[Collected material — start]
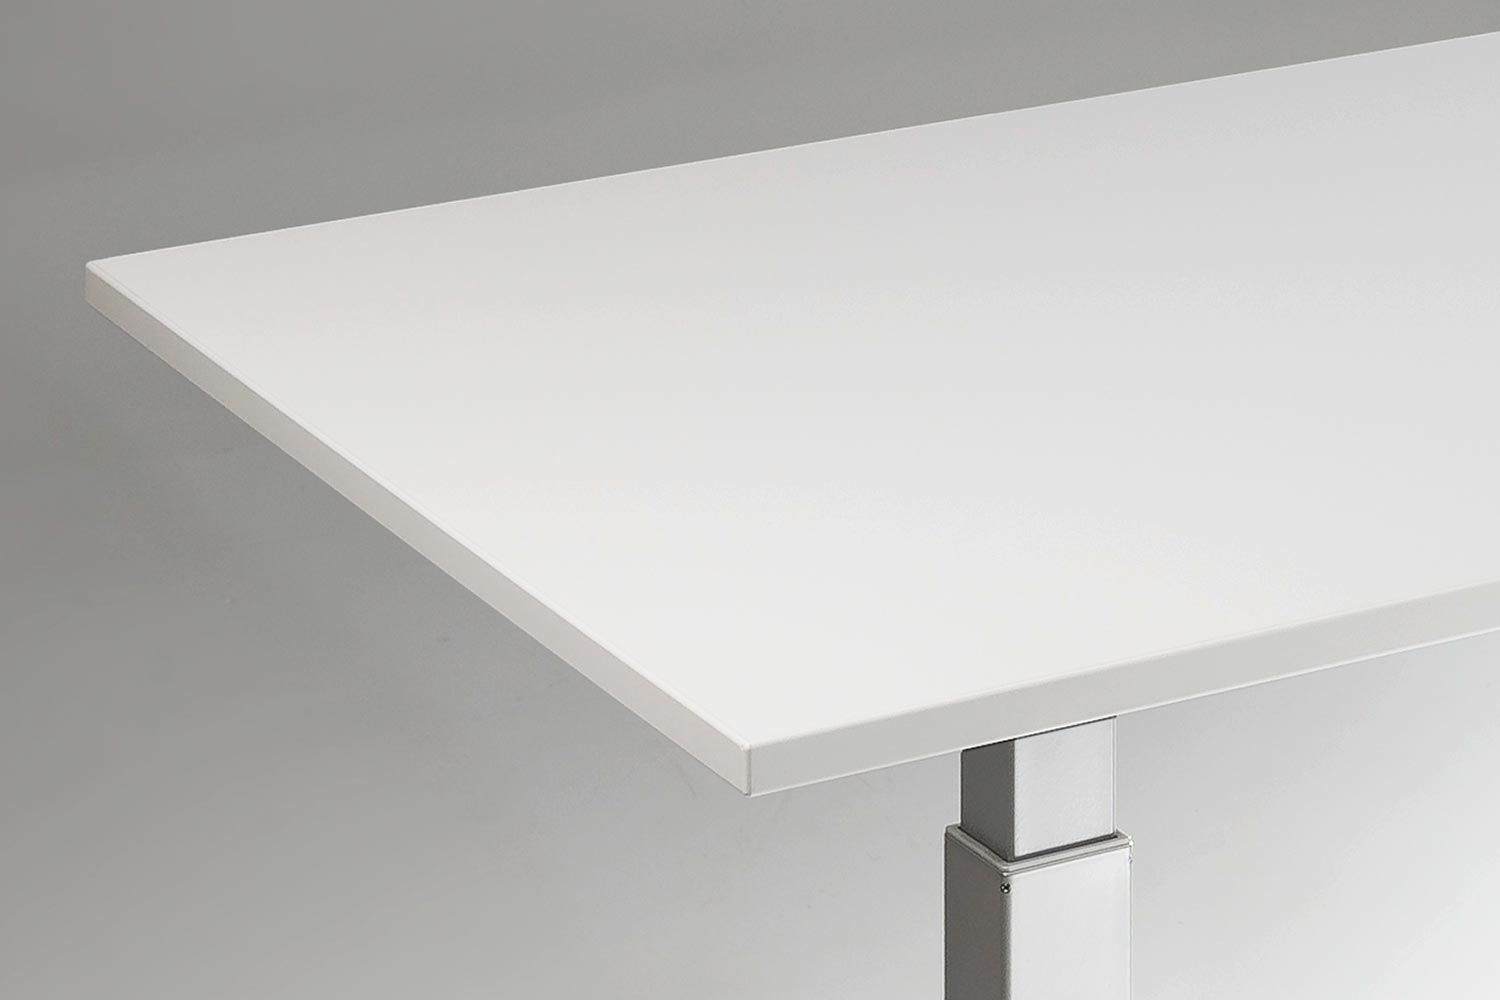 White Medium Standing Desk Top 24” x 48” x 3/4”
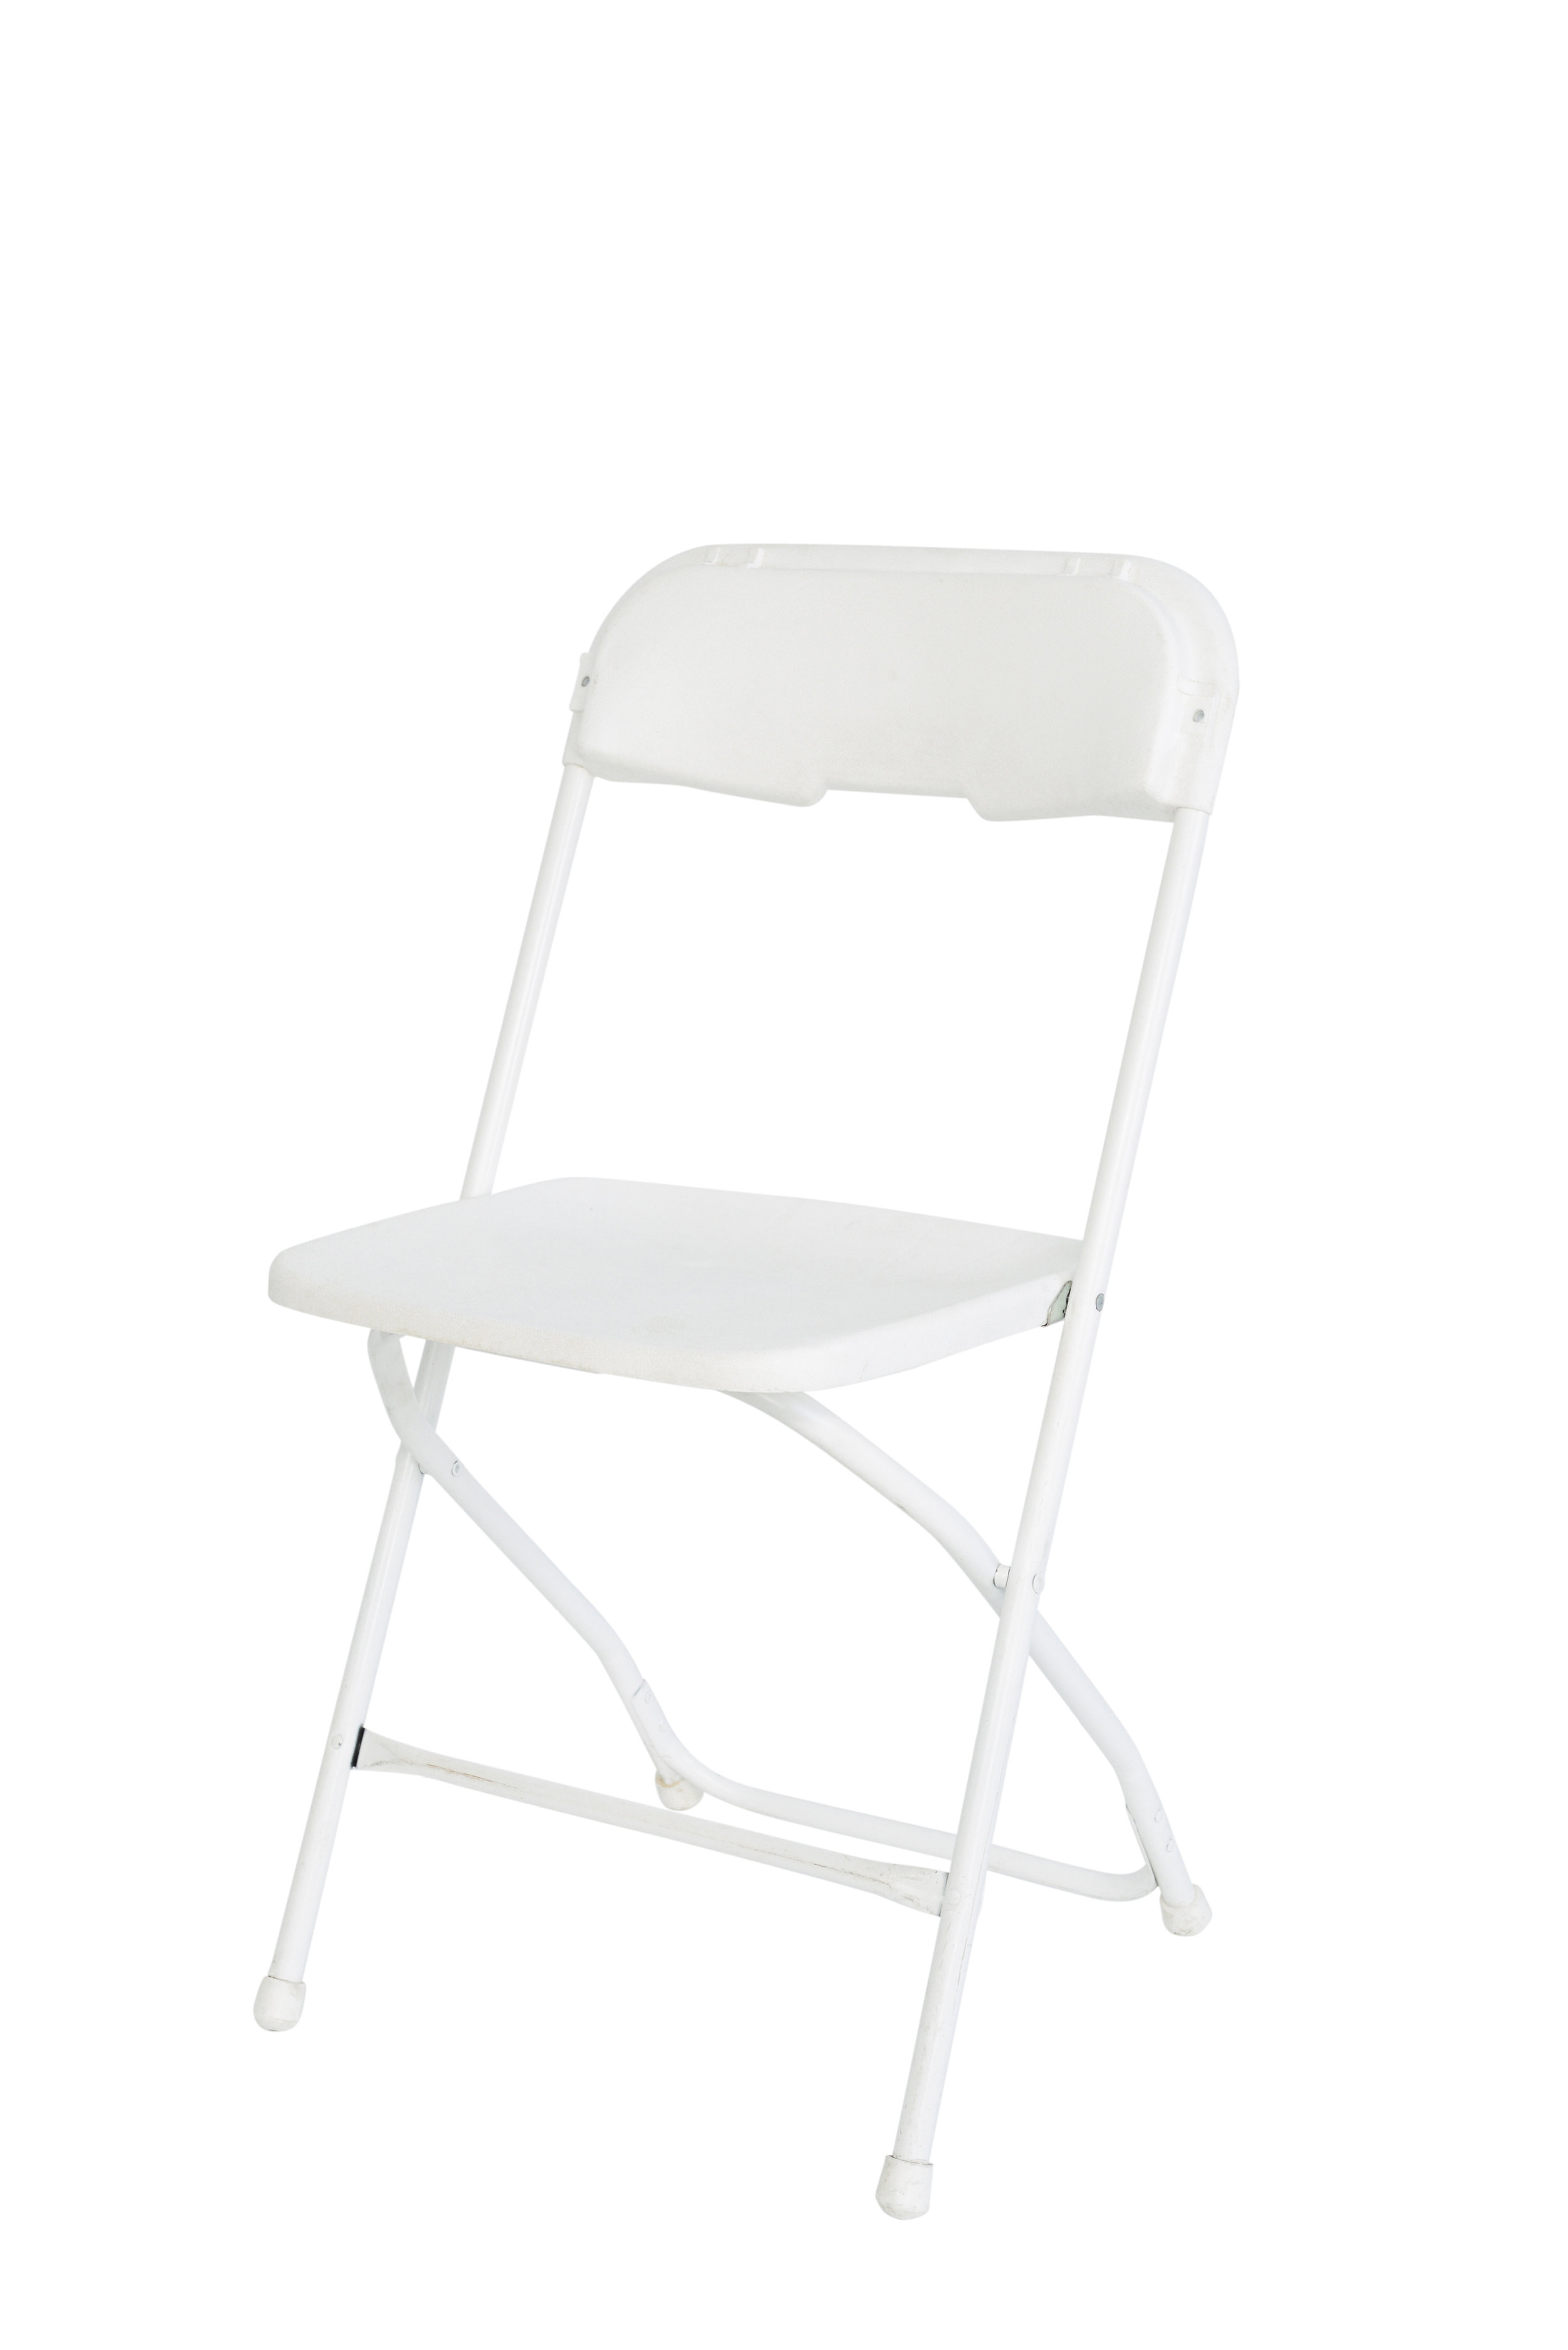 White folding chairs qty. 40
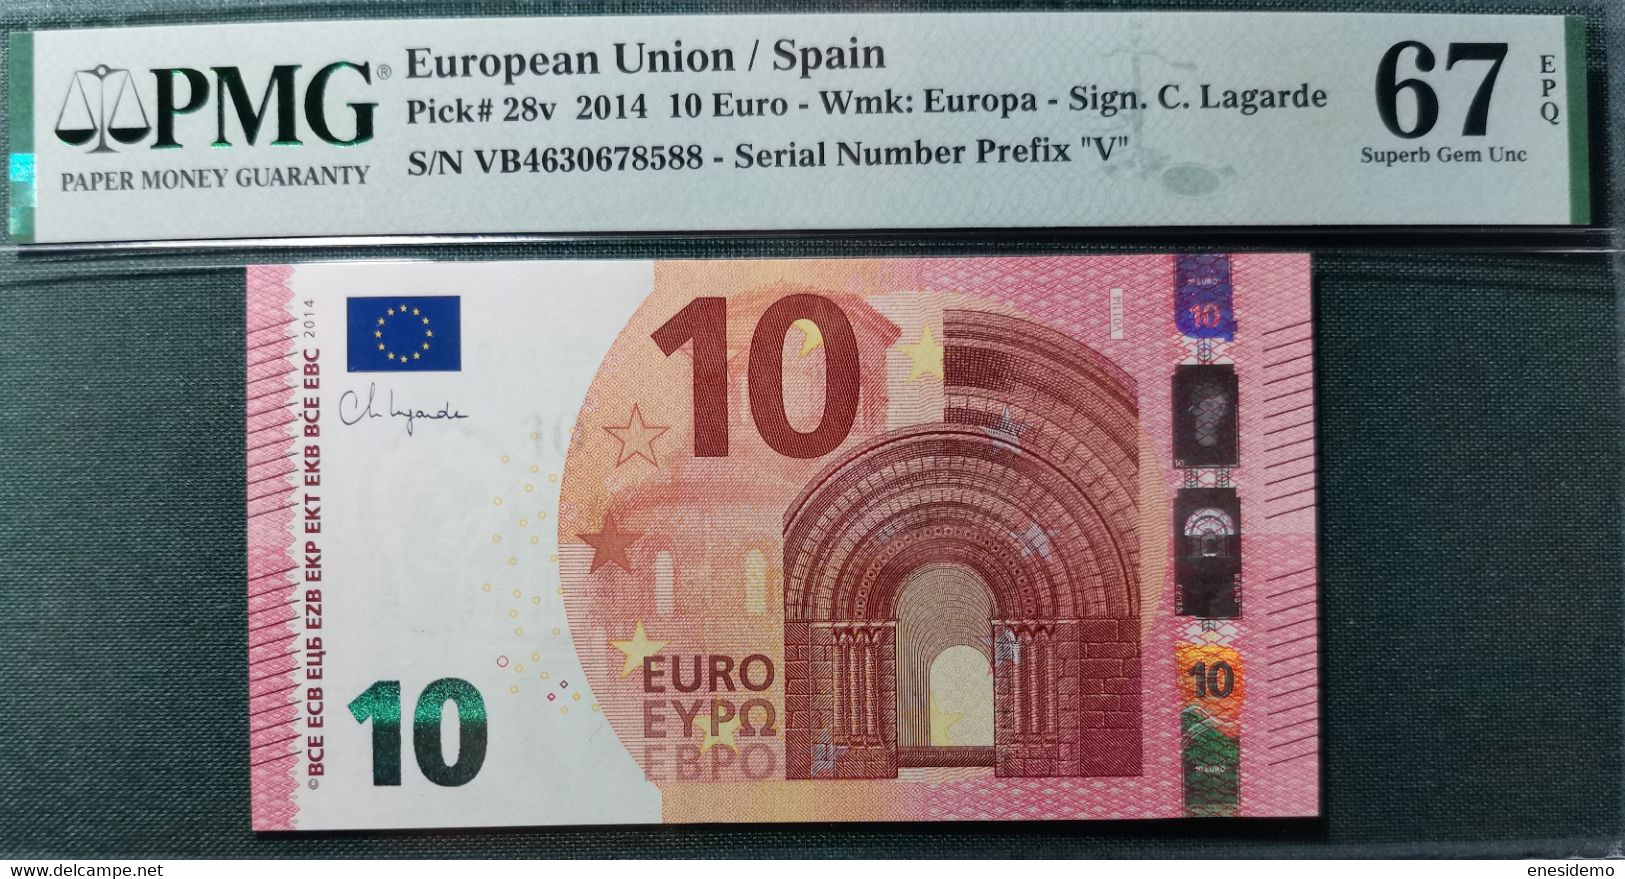 Europa - 10 Euro banknote UNC, Europa series, 2014
[Collected material — finish]
Word for word, retype the material above without its pictures.

● Solution to this exercise:
 White Medium Standing Desk Top 24” x 48” x 3/4”
 White folding chairs qty. 40
 Europa - 10 Euro banknote UNC, Europa series, 2014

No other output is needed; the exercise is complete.